L'aria era gelida, il vento mi scompigliava i capelli e oscillava tra gli alberi. Non c'era molta gente oggi, forse due o tre persone qua e là. Una signora teneva un mazzo di garofani rossi e li sistemava accanto alla lapide. Lucidava la foto del defunto e piangeva silenziosamente. Io i fiori non li avevo mai presi, e non avevo nemmeno mai lucidato la loro foto. Papà e Jason mi mancavano e anche se mi sentivo in colpa, stavo cercando di andare avanti, stavo seguendo il consiglio che la donna che mi aveva messo al mondo, mi aveva dato. Non venivo qui a fare il pazzo iniziando a parlare con un pezzo di marmo, piuttosto scrivevo. Scrivevo di come mi sarebbe piaciuto andare allo stadio la domenica pomeriggio o come mi sarebbe piaciuto guardare la partita di rugby in tv il giovedì sera. Scrivevo di come Jason avrebbe frequentato il quarto anno di liceo e papà avrebbe lavorato ancora come giornalista sportivo. E scrivevo anche di come mi mancava la mamma, perché troppo impegnata con il lavoro e la casa da non accorgersi che ormai non c'era più nessuna intesa familiare. Forse adesso avrebbe iniziato ad uscire dal guscio grazie a Greg, anche lui medico, ed era proprio in ospedale che si sono conosciuti. Anne Cox, madre di due splendidi ragazzi, Harry e Jason Styles, moglie di un fantastico uomo, Frederick Styles, ormai abbandonata a se stessa, stava cercando di andare avanti, stava lottando con le unghia e con i denti per un futuro migliore da dare a quel che restava della sua famiglia.

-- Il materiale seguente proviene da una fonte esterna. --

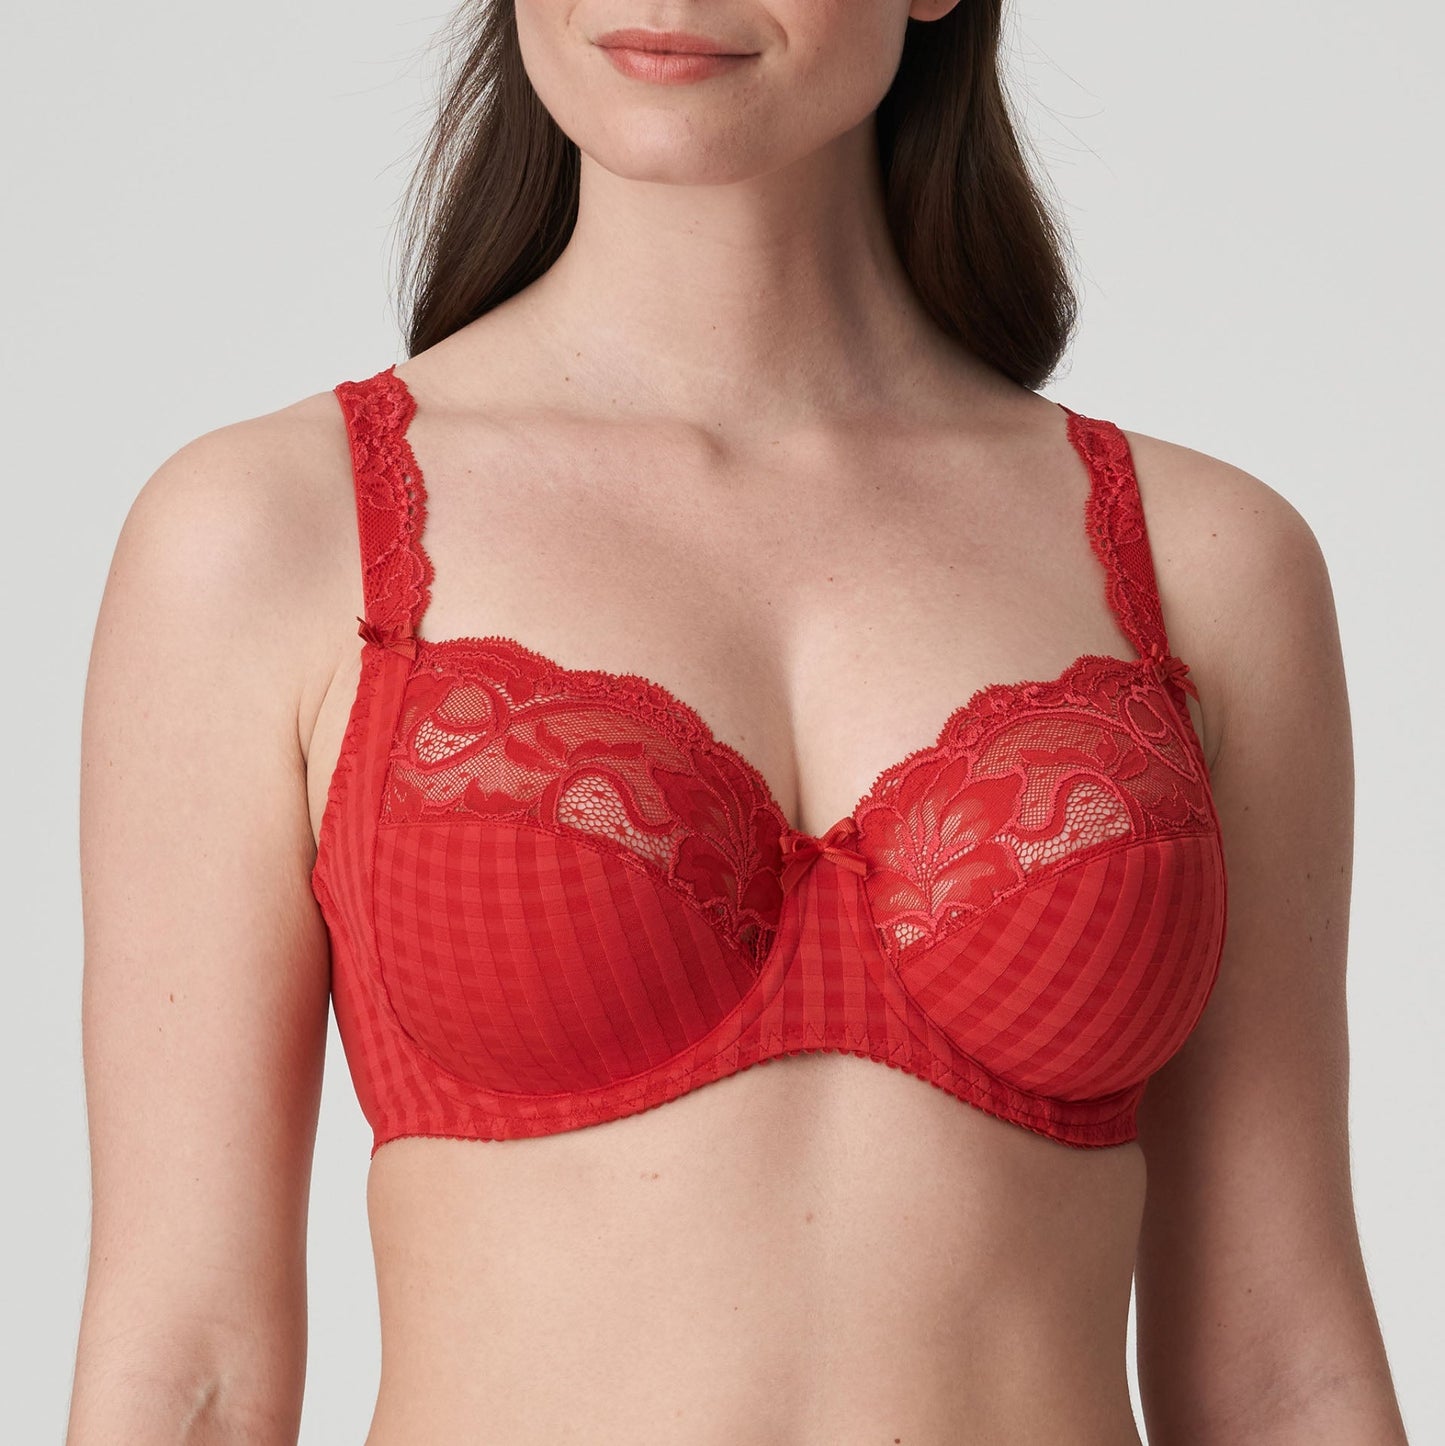     Madison-full-cup-bra-scarlet-front.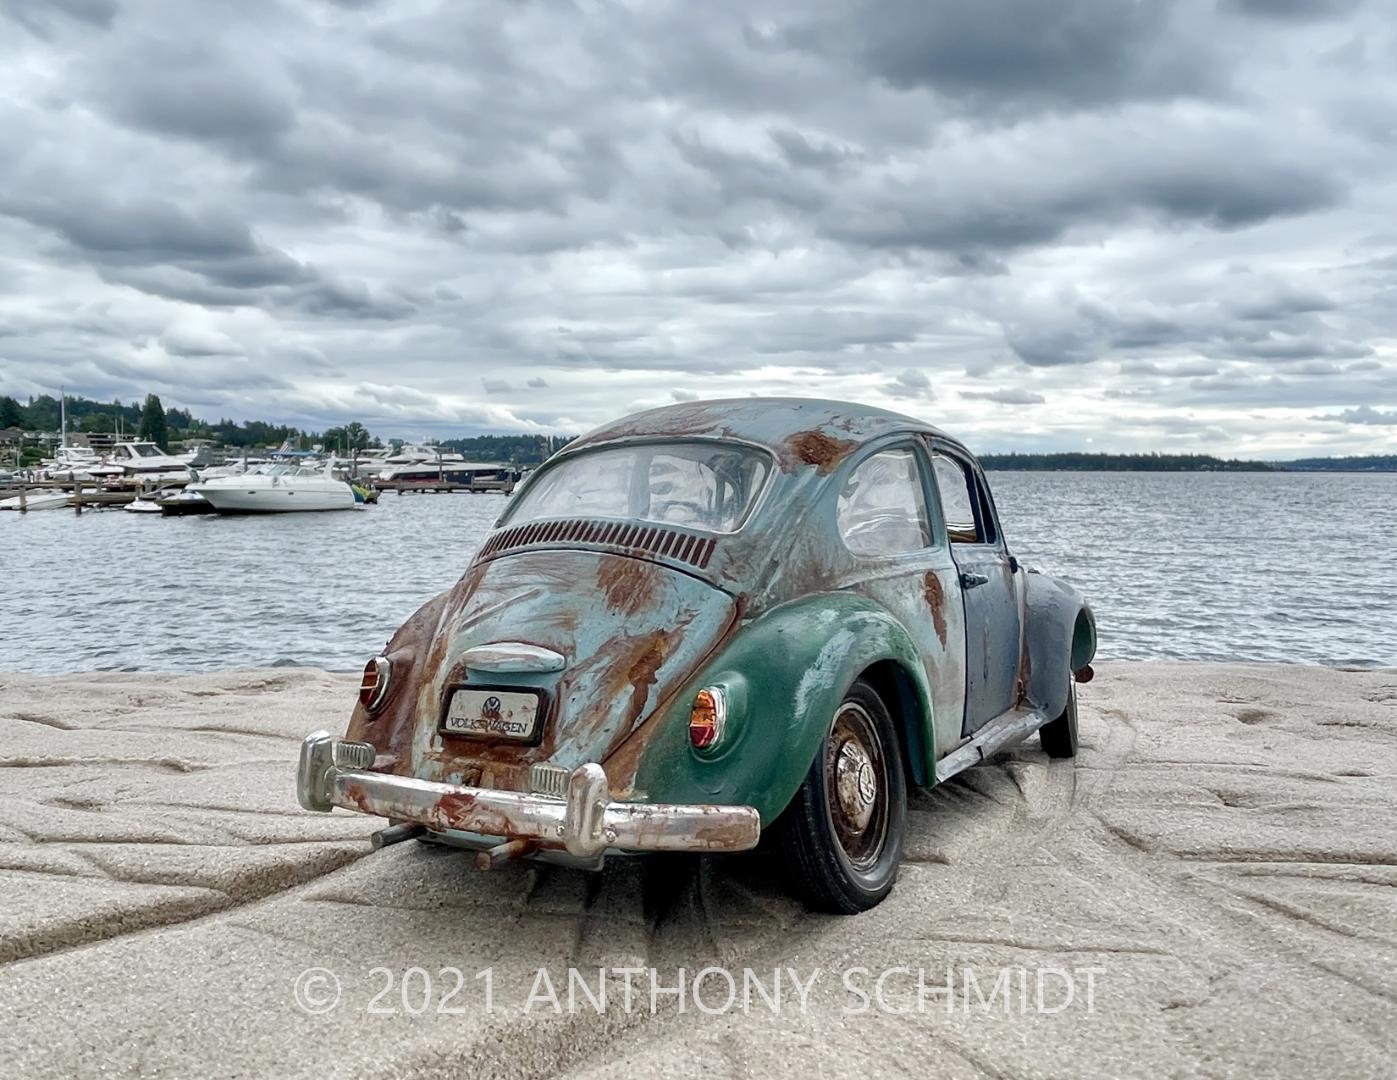 1967 Beetle on the Beach (1 of 3)

Chiusi il diario e osservai attentamente i lineamenti famigliari che mi accomunavano a questi due uomini: gli occhi verdi, le fossette ai lati e i capelli castani. Soltanto questo. Presi il pacchetto di sigarette dentro il giaccone nero e ne estrassi una attento a non romperla, l'accesi e la portai alle labbra. Sentii la nicotina farsi spazio nella gola, così buttai il fumo fuori. Ripetei il passaggio finché la sigaretta non fu finita per poi accendermene un'altra e uscire fuori dal cimitero.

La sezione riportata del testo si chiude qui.